### What the exercise asks:
Without the pictures, set down everything in the listing exactly.

### Dataset extract:

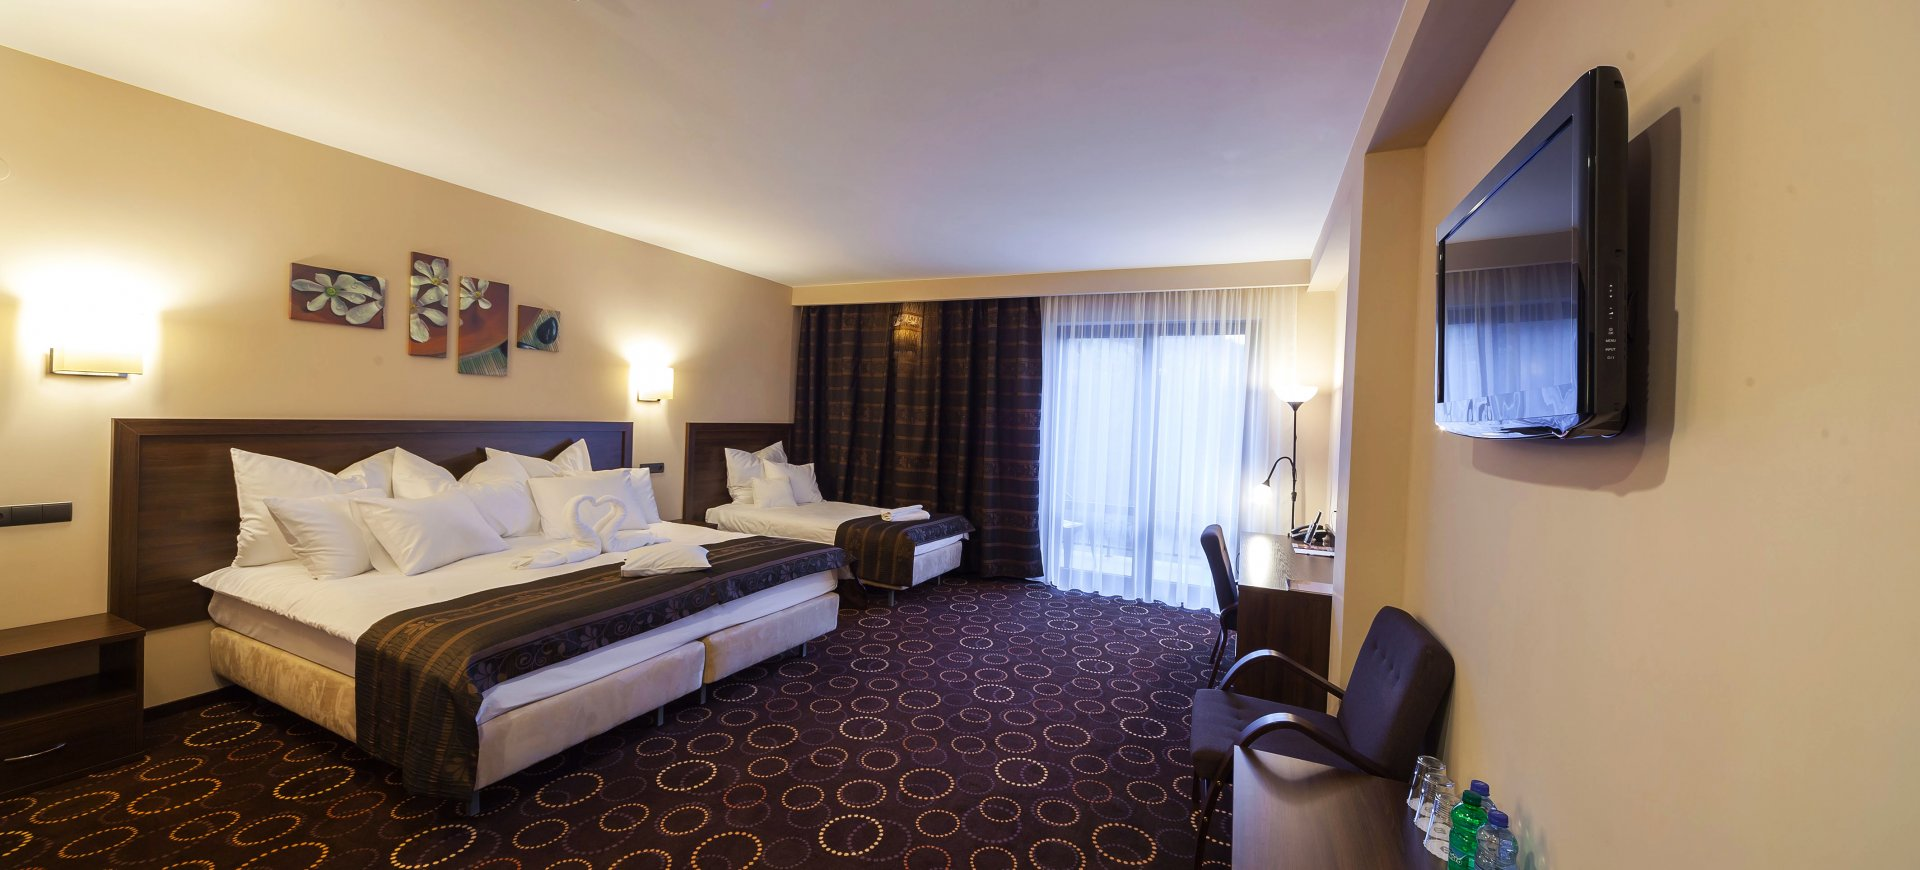 Triple Room (****) - 4stars standard
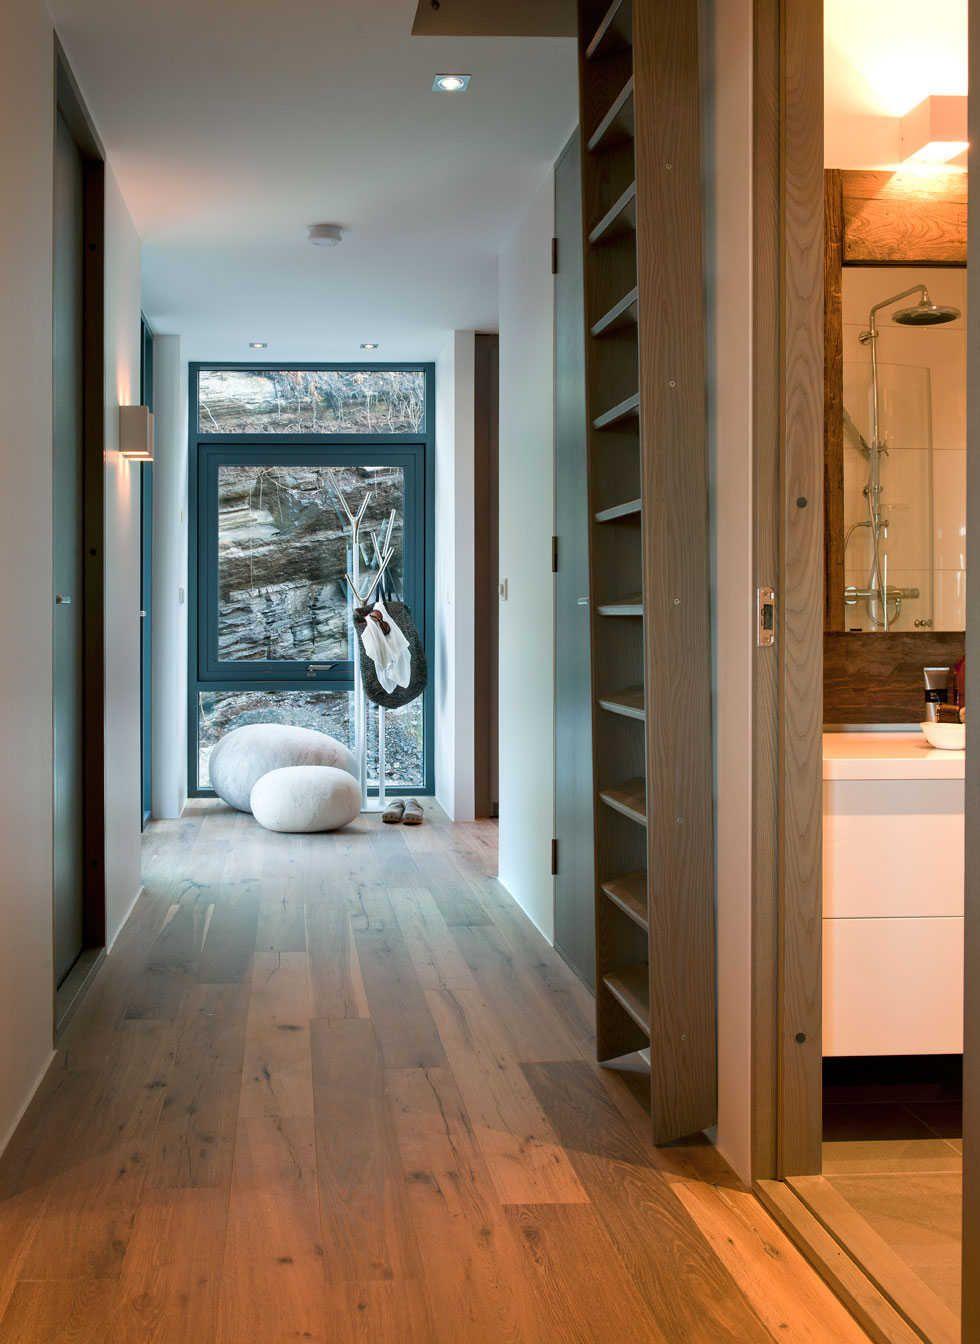 Explore Modern Interior Design, Interior Ideas, And More!
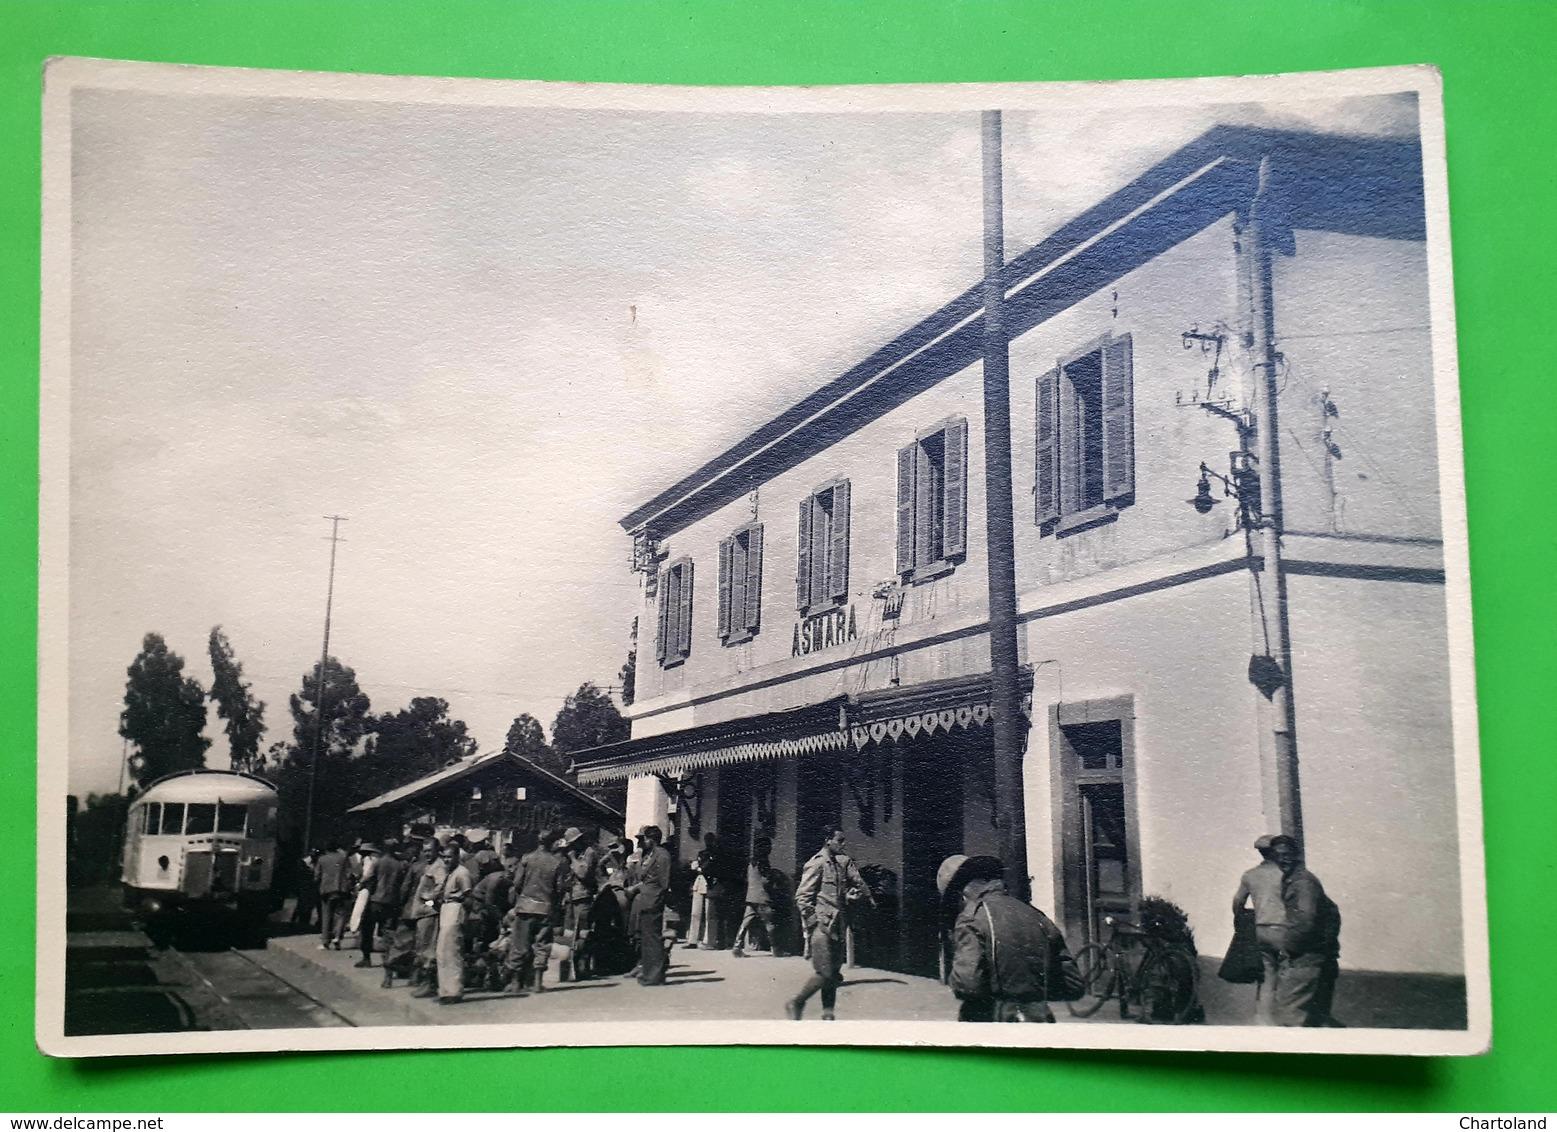 Cartolina - Asmara ( Eritrea ) - Stazione Ferroviaria - 1942 Ca. - Unclassified

### Final answer:
 Triple Room (****) - 4stars standard
 Explore Modern Interior Design, Interior Ideas, And More!
 Cartolina - Asmara ( Eritrea ) - Stazione Ferroviaria - 1942 Ca. - Unclassified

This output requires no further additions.